__INPUT DATA__
╔══

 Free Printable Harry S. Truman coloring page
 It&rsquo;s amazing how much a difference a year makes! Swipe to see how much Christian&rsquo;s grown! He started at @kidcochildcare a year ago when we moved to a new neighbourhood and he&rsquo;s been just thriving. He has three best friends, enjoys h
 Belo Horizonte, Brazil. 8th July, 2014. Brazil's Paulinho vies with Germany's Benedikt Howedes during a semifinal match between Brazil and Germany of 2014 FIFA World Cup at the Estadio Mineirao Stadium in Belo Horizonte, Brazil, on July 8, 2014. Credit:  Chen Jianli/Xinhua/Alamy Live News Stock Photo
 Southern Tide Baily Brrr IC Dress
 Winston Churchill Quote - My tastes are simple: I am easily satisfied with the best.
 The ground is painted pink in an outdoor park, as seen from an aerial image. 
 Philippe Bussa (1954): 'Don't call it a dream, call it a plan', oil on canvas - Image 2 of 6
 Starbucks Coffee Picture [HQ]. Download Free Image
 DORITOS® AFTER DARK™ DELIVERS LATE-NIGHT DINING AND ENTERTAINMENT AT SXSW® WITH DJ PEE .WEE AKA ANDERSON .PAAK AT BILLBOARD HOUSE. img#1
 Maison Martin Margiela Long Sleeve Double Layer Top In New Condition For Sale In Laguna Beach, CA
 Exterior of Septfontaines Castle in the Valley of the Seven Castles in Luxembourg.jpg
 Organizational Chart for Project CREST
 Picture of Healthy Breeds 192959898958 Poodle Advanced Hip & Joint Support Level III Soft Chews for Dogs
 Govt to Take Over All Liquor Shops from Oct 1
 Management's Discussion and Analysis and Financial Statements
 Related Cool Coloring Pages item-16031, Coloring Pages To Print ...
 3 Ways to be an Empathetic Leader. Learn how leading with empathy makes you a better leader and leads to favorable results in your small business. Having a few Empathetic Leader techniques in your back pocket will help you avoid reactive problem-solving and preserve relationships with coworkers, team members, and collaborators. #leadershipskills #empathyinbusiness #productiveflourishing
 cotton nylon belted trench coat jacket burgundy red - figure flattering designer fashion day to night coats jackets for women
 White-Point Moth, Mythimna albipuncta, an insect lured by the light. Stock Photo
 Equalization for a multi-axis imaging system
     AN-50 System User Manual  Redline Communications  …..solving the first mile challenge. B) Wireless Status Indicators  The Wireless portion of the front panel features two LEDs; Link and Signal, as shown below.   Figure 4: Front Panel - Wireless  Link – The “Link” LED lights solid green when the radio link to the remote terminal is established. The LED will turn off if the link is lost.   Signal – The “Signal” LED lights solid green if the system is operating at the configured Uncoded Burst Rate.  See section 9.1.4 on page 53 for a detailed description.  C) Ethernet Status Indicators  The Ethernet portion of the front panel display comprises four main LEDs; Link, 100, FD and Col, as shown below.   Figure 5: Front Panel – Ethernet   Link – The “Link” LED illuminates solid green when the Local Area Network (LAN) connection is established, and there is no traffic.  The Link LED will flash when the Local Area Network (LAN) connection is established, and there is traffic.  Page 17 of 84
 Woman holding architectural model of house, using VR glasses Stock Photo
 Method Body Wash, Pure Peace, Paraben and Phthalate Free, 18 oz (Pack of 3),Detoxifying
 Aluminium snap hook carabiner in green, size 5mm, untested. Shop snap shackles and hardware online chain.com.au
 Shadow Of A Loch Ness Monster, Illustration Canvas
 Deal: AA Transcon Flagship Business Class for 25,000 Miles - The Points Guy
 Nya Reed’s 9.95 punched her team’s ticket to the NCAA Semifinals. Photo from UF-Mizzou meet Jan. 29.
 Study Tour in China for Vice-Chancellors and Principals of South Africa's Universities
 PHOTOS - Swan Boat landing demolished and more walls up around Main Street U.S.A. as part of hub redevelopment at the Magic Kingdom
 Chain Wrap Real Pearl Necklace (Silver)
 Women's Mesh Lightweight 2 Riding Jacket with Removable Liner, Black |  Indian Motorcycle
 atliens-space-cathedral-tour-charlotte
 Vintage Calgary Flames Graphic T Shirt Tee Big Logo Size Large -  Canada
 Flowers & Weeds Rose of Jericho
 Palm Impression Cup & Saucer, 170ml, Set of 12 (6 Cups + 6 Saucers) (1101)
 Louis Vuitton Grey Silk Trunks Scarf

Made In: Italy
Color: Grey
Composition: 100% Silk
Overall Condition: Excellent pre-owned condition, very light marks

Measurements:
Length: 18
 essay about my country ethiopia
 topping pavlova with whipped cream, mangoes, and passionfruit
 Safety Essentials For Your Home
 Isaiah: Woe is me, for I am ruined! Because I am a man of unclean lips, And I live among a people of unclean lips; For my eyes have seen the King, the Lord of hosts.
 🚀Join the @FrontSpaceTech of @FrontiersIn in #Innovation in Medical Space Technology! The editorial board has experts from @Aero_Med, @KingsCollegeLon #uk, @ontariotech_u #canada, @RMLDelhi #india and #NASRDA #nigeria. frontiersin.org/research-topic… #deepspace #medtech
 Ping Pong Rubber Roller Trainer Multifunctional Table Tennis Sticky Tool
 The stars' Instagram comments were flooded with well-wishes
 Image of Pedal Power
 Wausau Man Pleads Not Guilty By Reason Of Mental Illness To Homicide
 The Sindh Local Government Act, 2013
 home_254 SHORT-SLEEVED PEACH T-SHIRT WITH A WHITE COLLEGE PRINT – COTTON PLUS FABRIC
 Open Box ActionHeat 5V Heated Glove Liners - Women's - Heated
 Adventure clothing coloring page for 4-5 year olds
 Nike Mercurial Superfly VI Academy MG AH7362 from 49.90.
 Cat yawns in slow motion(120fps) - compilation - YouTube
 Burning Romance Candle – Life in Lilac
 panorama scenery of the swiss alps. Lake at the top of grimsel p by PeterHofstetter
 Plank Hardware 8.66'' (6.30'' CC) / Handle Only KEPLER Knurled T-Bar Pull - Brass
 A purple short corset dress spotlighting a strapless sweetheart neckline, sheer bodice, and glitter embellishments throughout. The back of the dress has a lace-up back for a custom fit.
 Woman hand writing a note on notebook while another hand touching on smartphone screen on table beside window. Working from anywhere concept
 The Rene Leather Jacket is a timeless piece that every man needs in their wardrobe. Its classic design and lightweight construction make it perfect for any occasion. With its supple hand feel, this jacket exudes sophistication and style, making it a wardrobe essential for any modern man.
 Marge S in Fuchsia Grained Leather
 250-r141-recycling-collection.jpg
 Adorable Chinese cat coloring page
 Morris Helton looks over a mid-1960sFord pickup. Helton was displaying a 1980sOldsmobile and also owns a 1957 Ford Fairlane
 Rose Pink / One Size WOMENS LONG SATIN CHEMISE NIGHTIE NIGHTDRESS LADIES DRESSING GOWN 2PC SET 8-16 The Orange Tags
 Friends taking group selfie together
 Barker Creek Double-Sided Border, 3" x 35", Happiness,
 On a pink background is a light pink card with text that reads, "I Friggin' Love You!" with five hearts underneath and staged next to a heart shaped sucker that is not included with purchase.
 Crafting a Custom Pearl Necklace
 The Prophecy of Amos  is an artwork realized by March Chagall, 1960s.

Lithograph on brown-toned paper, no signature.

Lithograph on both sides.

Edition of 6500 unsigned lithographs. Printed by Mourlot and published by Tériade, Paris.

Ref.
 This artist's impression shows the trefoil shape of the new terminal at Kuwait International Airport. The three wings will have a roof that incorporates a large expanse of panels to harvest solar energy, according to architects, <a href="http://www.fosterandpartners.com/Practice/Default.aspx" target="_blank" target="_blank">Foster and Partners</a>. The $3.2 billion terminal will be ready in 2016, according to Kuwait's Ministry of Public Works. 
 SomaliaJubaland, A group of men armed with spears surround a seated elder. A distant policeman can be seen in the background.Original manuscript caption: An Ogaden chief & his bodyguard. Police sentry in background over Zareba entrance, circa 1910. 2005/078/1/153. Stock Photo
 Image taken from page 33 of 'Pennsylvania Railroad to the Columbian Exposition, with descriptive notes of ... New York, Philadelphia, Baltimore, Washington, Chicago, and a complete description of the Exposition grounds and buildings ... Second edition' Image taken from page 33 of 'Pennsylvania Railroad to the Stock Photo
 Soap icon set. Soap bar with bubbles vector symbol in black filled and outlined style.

╚══

__PROBLEM DESCRIPTION__
Please give again the lines above between the line holding "The ground is" and the line holding "Maison Martin Margiela", inclusive, exactly as they are and with nothing added.

__RESPONSE FOR THIS EXERCISE__
 The ground is painted pink in an outdoor park, as seen from an aerial image. 
 Philippe Bussa (1954): 'Don't call it a dream, call it a plan', oil on canvas - Image 2 of 6
 Starbucks Coffee Picture [HQ]. Download Free Image
 DORITOS® AFTER DARK™ DELIVERS LATE-NIGHT DINING AND ENTERTAINMENT AT SXSW® WITH DJ PEE .WEE AKA ANDERSON .PAAK AT BILLBOARD HOUSE. img#1
 Maison Martin Margiela Long Sleeve Double Layer Top In New Condition For Sale In Laguna Beach, CA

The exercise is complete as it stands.